Je vous propose également que la reprise du personnel en place par un nouvel opérateur obtenant une délégation de service public ait un caractère obligatoire, alors que la rédaction de la Commission européenne en fait une simple faculté pour l'autorité établissant le cahier des charges.
La Commission européenne n'a pas renoncé à son aversion pour les structures verticalement intégrées, alors qu'elles ont fait leurs preuves, notamment en Allemagne. Elle entend se réserver le pouvoir exorbitant, à l'horizon 2019, d'autoriser ou non, de façon souveraine pour ne pas dire arbitraire, la participation à la concurrence d'un opérateur de chemin de fer faisant partie d'une structure verticalement intégrée. Ce pouvoir d'appréciation ne trouve aucun fondement, ni dans le traité sur le fonctionnement de l'Union européenne, ni dans le règlement du 16 décembre 2002 qui lui attribue certains pouvoirs limités de sanctions en cas d'infraction au droit de la concurrence. À l'encontre des États, la Commission européenne peut saisir la Cour de justice selon une procédure accélérée, mais elle ne peut infliger elle-même une sanction qu'aux seules entreprises.
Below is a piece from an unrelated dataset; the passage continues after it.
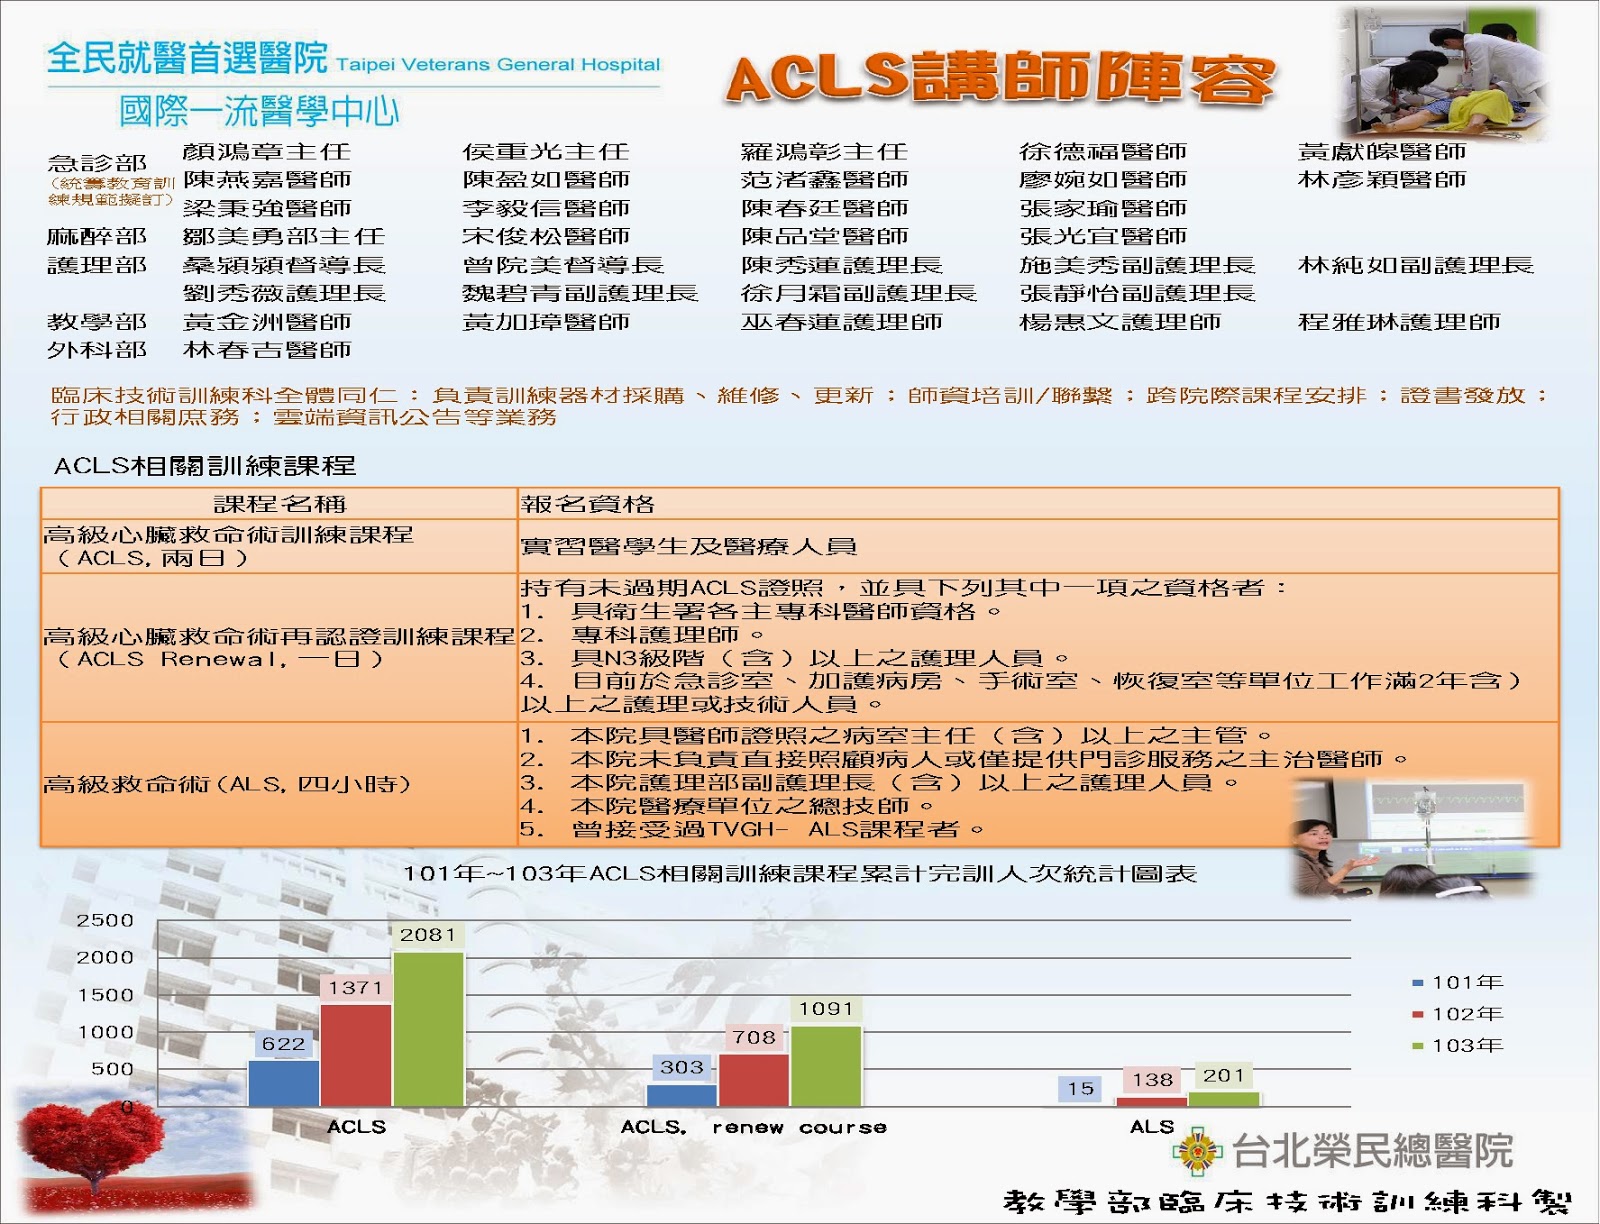 臺北榮總教學部臨床技術訓練科 Acls相關訓練課程宣傳海報

Une séparation complète entre gestionnaire d'infrastructures ferroviaires et opérateur de transport lors de l'adoption du quatrième paquet ferroviaire serait irréversible. Cela me paraît inacceptable, tant du point de vue du principe de subsidiarité qu'au regard du principe d'égalité entre États membres. Je vous propose de laisser chaque État membre libre de scinder totalement ou de réunir sous un même toit le gestionnaire de l'infrastructure et un opérateur de transports ferroviaires, à condition d'attribuer impartialement les parts de marché et en évitant tous flux financiers croisés entre le gestionnaire de l'infrastructure et l'opérateur de transports. Dans le même état d'esprit, je vous propose de supprimer les mesures quasiment vexatoires prévues par la Commission à l'encontre des holdings, comme les limitations apportées aux mouvements des cheminots entre ces deux employeurs.
Le transport ferroviaire est une solution d'avenir, une véritable alternative à des modes de transports plus polluants et plus dangereux, comme en témoigne un récent accord de fret ferroviaire entre la Chine et la Pologne : les quelque 10 000 kilomètres séparant les villes de Chengdu et Lodz seront parcourus en douze jours, soit un gain d'une semaine par rapport à la voie maritime utilisée jusqu'à présent avec deux ruptures de charge, l'une à Shanghai et l'autre à Gdansk ; la vitesse moyenne s'établissant à 30 kilomètres-heure, cette nouveauté dispose d'une solide marge de progrès...
Si l'on souhaite à la fois réduire l'accidentologie liée aux transports, diminuer la pollution chimique de l'air et contribuer à la lutte contre le réchauffement climatique, développer la modalité ferroviaire constitue une impérieuse nécessité. Pourtant, la voie que la Commission européenne nous propose d'emprunter n'est pas la bonne, parce qu'elle reproduit des schémas inadaptés au ferroviaire. Il faut au contraire privilégier des solutions qui conviennent à ses caractéristiques particulières. L'essor du chemin de fer est un objectif, l'ouverture à la concurrence n'est que l'un des moyens pouvant contribuer à l'atteindre.